A machine called the Tiger separates plastic bags and other contaminants from food waste brought in all over the city.

“The material we get from the Green Markets is quite pure … pure vegetables,” said Ian Twine, DSNY’s deputy director of composting.

But material from other sites isn’t so pure. “The school material — that’s one reason the Tiger is around,” said Twine.

Ground organics are then transferred to giant piles. Over six to eight months, the material gets moved into different piles once or twice.

During the process, organisms like bacteria and worms break down the organic material into nutritious, decomposed matter.

“It becomes dark — as they call it, black gold,” Twine said. “There’s physical turning and natural breakdown, nothing artificial added to this.”

In cold weather, steam rises off the mounds, which can heat up to between 120 to 140 degrees.

The finished compost takes another trip through a machine that filters out any last contaminants.

For nearly two years, the Staten Island compost facility has run its own bagging machine to package the compost on-site. Previously, DSNY paid for the compost to be packaged upstate and trucked back down to the city.
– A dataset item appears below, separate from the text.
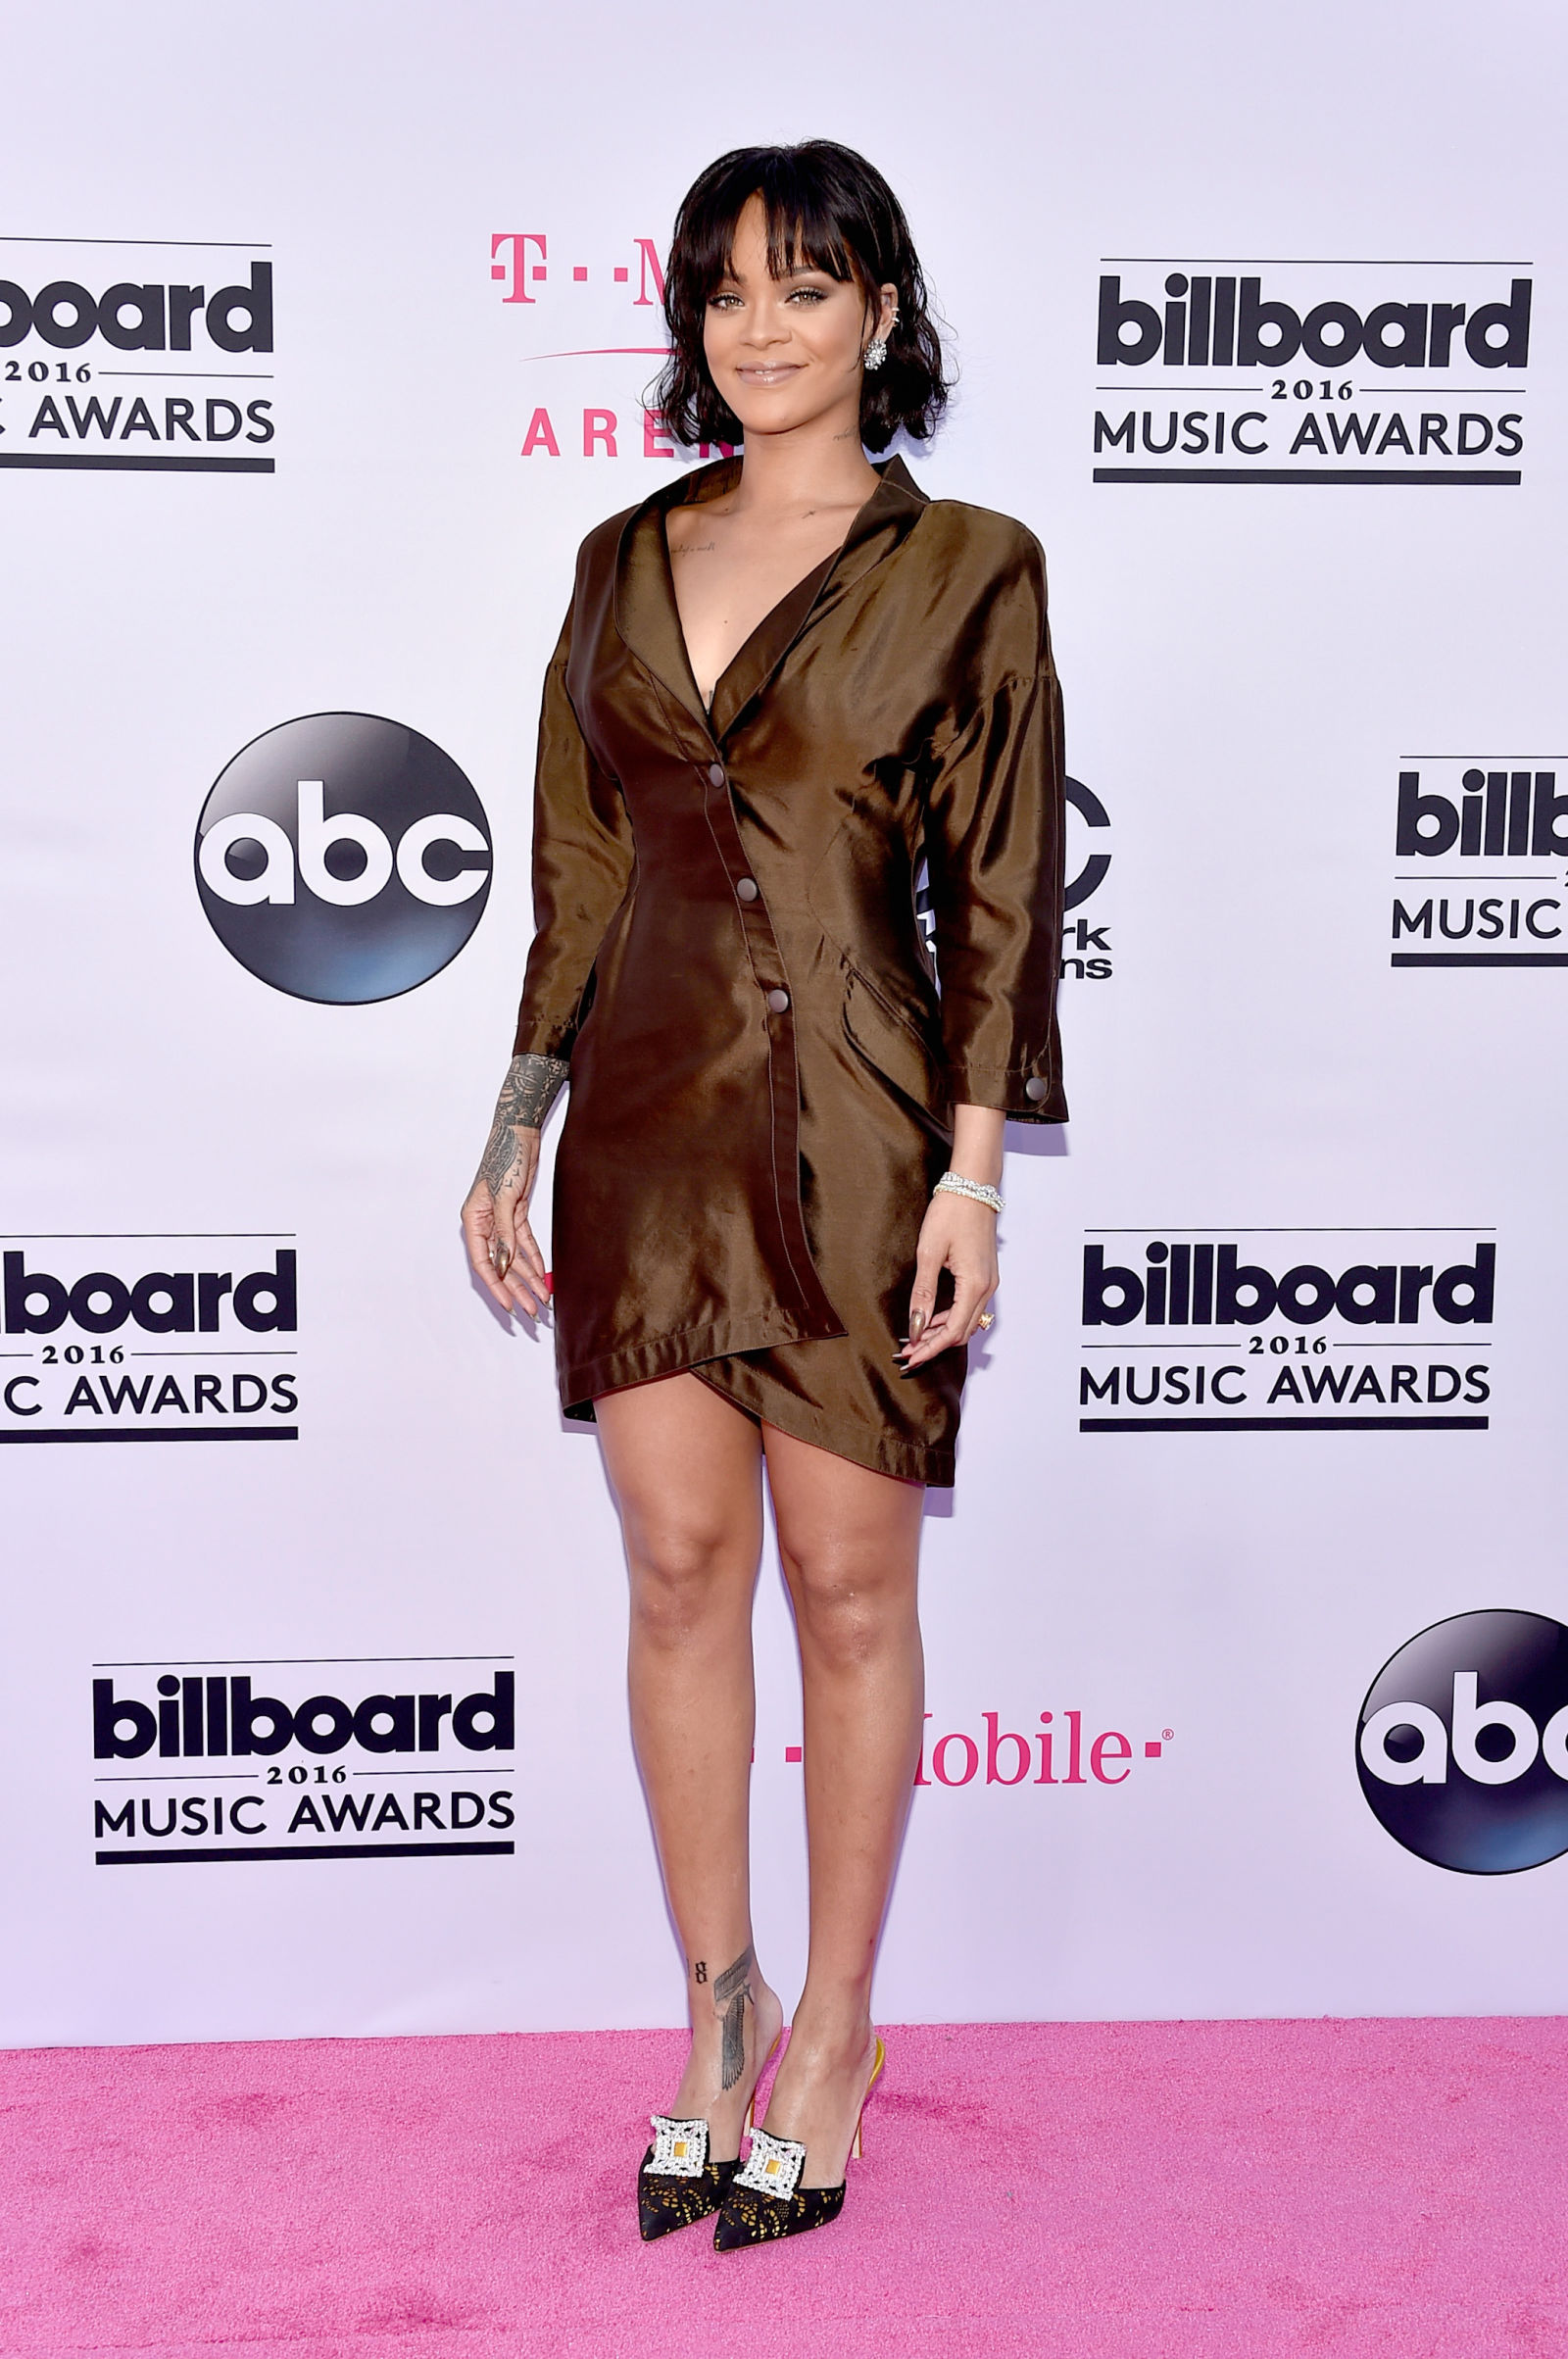 Rihanna at Billboards 2016

The compost is sold back to landscapers, and given away for free to nonprofits, parks, schools, community gardens and churches.

In the spring, DSNY will begin regular compost giveaways in communities, starting in Queens.

Unlike at the Staten Island facility, not everything New Yorkers separate out as compostable actually becomes compost.

At the moment, most food waste they separate makes its way to become biogas for energy use.

The digester eggs at the Newtown Creek Wastewater Treatment Plant turn food waste and sewage into methane, which is partly used to help power the facility and partly burned off.

Other food waste goes to the Pine Island Farm Digester Facility in western Massachusetts.

A sanitation worker walks along a new composting system that, upon state approval, will allow the Staten Island facility to process about 20 times as much food waste as it currently can.

The system includes concrete bays in which food scraps will sit, blanked with a tarp. Air will be pumped into the piles from the bottom — eliminating the need to turn the piles.

DSNY plans to perform trial runs on the system, which includes oxygen and temperature sensors, in the spring.